Тяжело дыша, он повалился на тюки рядом с ней.
– Я люблю тебя, Даша!
– И я люблю тебя, Андрюша!
И отдышавшись, добавил:
– Ты продержись там без меня. Самое большее через месяц я буду там, с тобой. Я добьюсь этой командировки во что бы то ни стало. И буду с тобой. Ты мне веришь? – оперевшись на локоть, Андрей навис над лежащей Дашей, пристально глядя в её глаза.
– Верю, милый! И буду тебя очень ждать!!! – отвечала она, обнимая его за шею, но поцеловать его не успела, так как в коридоре неожиданно прозвучал звонкий девичий голос:
– Дашка! Через десять минут начмед всех в ординаторской собирает!!! Поторопись!!!
Они подскочили как ужаленные, весело чертыхаясь и смеясь. Через минуту они уже были одеты по всей форме одежды. Когда влюблённые подходили к лестнице, ведущей на этаж, Дарья произнесла:
– Я безумно рада, что ты приехал меня проводить! Подожди меня на улице. Очень хочу, чтобы ты помахал мне вслед!!! – и, поцеловав Андрей в губы, побежала вверх по лестнице.
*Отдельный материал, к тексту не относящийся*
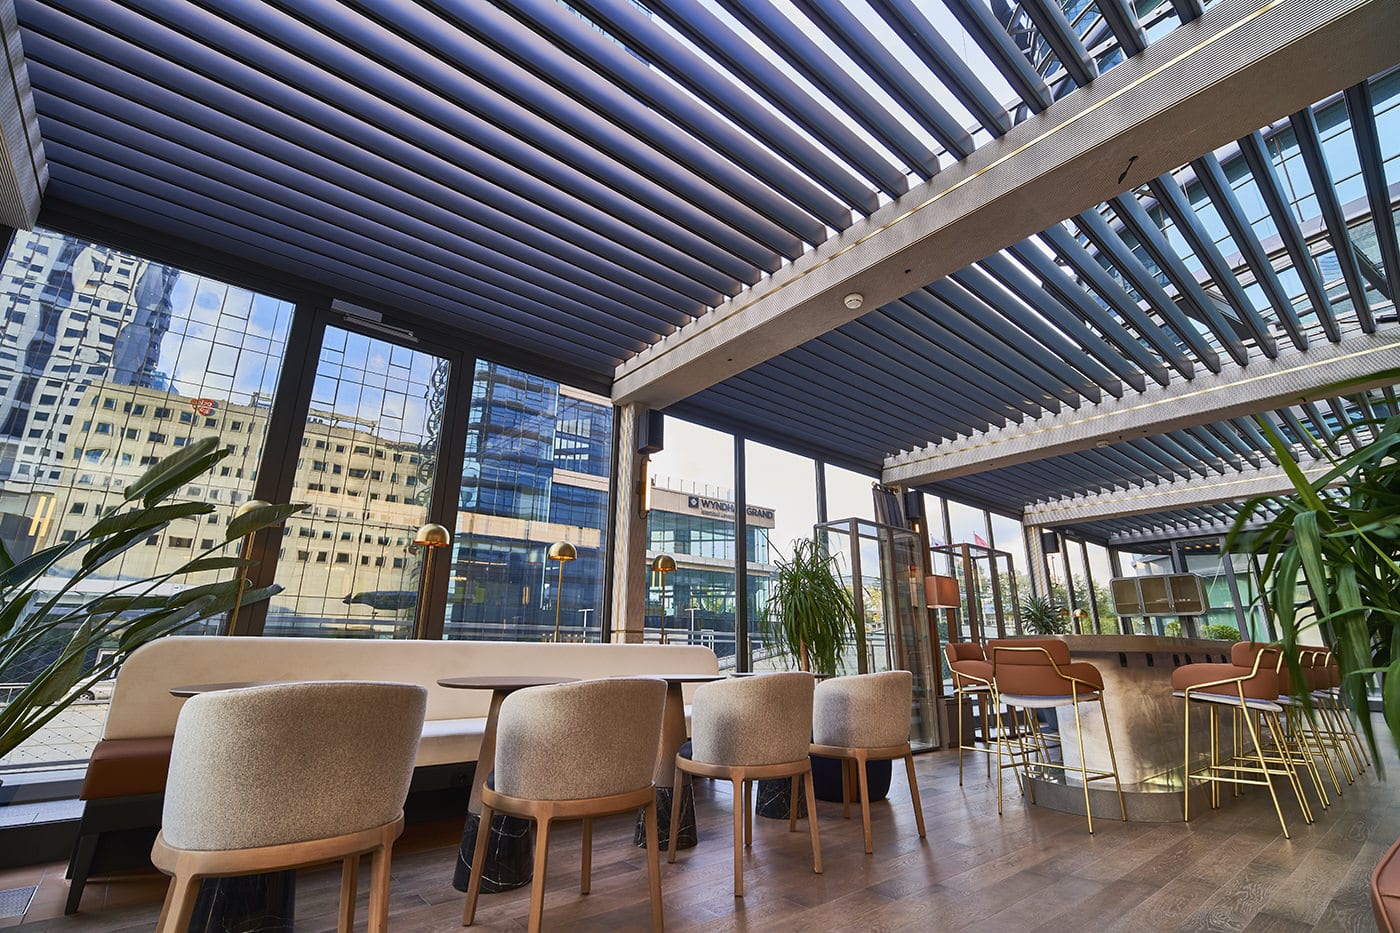 Commercial pergola dining area installed with Luxaflex Retractable Awnings.

Минин вышел на улицу. Солдаты, закончив погрузку имущества в КамАЗ, теперь курили, сгрудившись около урны, приспособленной из половины железной бочки. Санитарный автобус цвета хаки стоял подле здания санчасти, ожидая своих пассажиров. Андрей нервно закурил. Он испытывал странное чувство тревоги, которое дегтярной ложкой портило медовую бочку общего позитивного настроя.
Расставаться всегда тревожно и печально, особенно когда разлукой является война. А если этот человек ещё и любимый, то с ним уходит часть твоей души, причём большая её часть. Потому что от любимого мы берем себе что-то хорошее, чему-то учимся и самое главное отдаём что-то важное от себя, становясь при этом единым целым.
Наконец спустя двадцать минут в дверях показались уезжающие и провожающие врачи и медсёстры. Солдаты, побросав окурки, начали забираться в кузов машины. Врачи и сёстры сгрудились около санитарного автобуса. Наступило время прощания. Послышались напутствия, пожелания, все стали обниматься, целоваться. Андрей скромно стоял в стороне, решив для себя, что при всех, из стыдливости, Дарья не сможет подойти к нему. Вот уже по одному командированные стали исчезать в глубине автобуса, как вдруг из толпы провожающих выбежала Даша, направляясь к нему. Подбежав, она не стесняясь уже никого, обняла и крепко поцеловала его. Затем, приблизившись к его уху, прошептала:
– Люблю тебя!!! – и быстро пошла обратно к автобусу.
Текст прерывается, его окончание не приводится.